# [Input for this task]
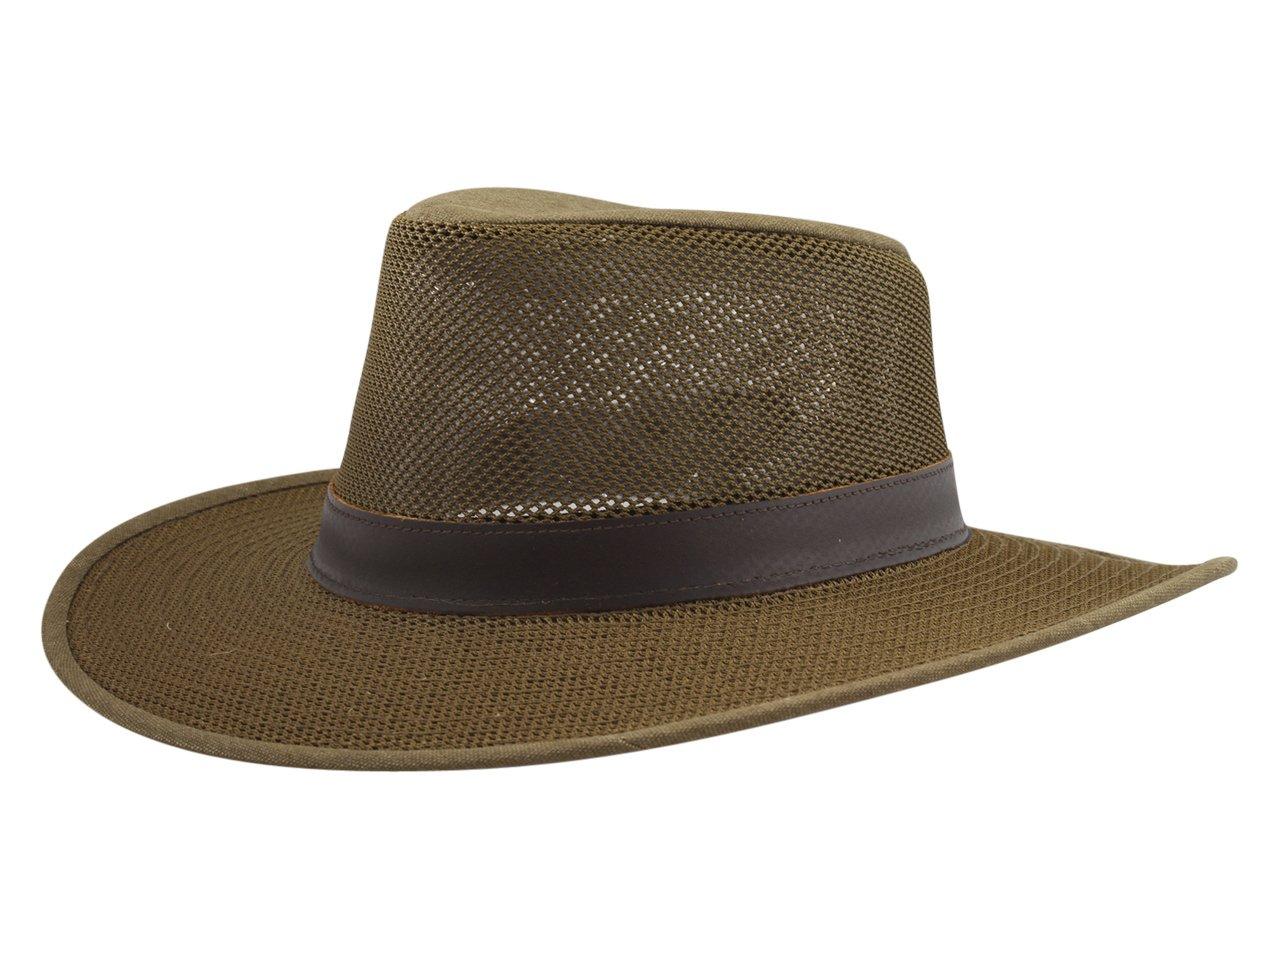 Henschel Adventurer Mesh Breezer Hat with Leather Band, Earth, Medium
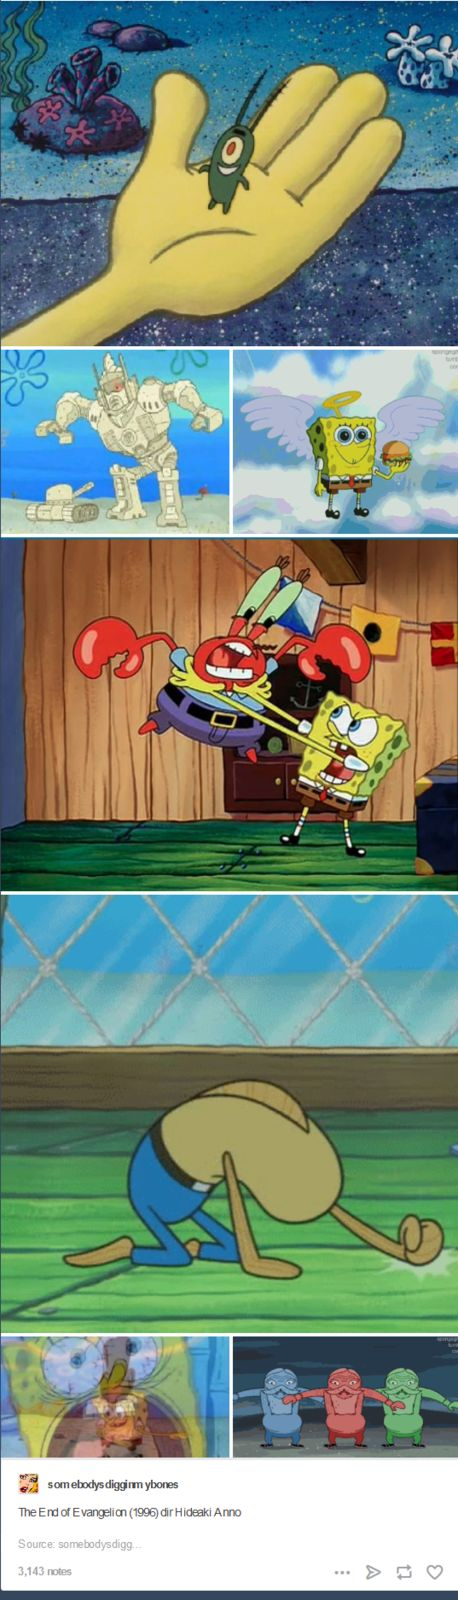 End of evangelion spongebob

--

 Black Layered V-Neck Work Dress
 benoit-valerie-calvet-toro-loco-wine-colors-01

# [Work instructions]
An exact copy of the lines above between the line holding "Black Layered V-Neck Work Dress" and the line holding "benoit-valerie-calvet-toro-loco-wine-colors-01", inclusive, is the whole answer.

# [Task output]
 Black Layered V-Neck Work Dress
 benoit-valerie-calvet-toro-loco-wine-colors-01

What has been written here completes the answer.